- ABOUT THIS TASK
Each line below needs to be restated word for word.

- INFORMATION
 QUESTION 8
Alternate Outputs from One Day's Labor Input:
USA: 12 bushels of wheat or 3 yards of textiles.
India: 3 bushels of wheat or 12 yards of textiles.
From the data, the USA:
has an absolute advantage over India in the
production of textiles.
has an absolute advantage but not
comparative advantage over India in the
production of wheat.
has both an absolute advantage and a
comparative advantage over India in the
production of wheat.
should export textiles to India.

- RESULT OF THE EXERCISE
 QUESTION 8
Alternate Outputs from One Day's Labor Input:
USA: 12 bushels of wheat or 3 yards of textiles.
India: 3 bushels of wheat or 12 yards of textiles.
From the data, the USA:
has an absolute advantage over India in the
production of textiles.
has an absolute advantage but not
comparative advantage over India in the
production of wheat.
has both an absolute advantage and a
comparative advantage over India in the
production of wheat.
should export textiles to India.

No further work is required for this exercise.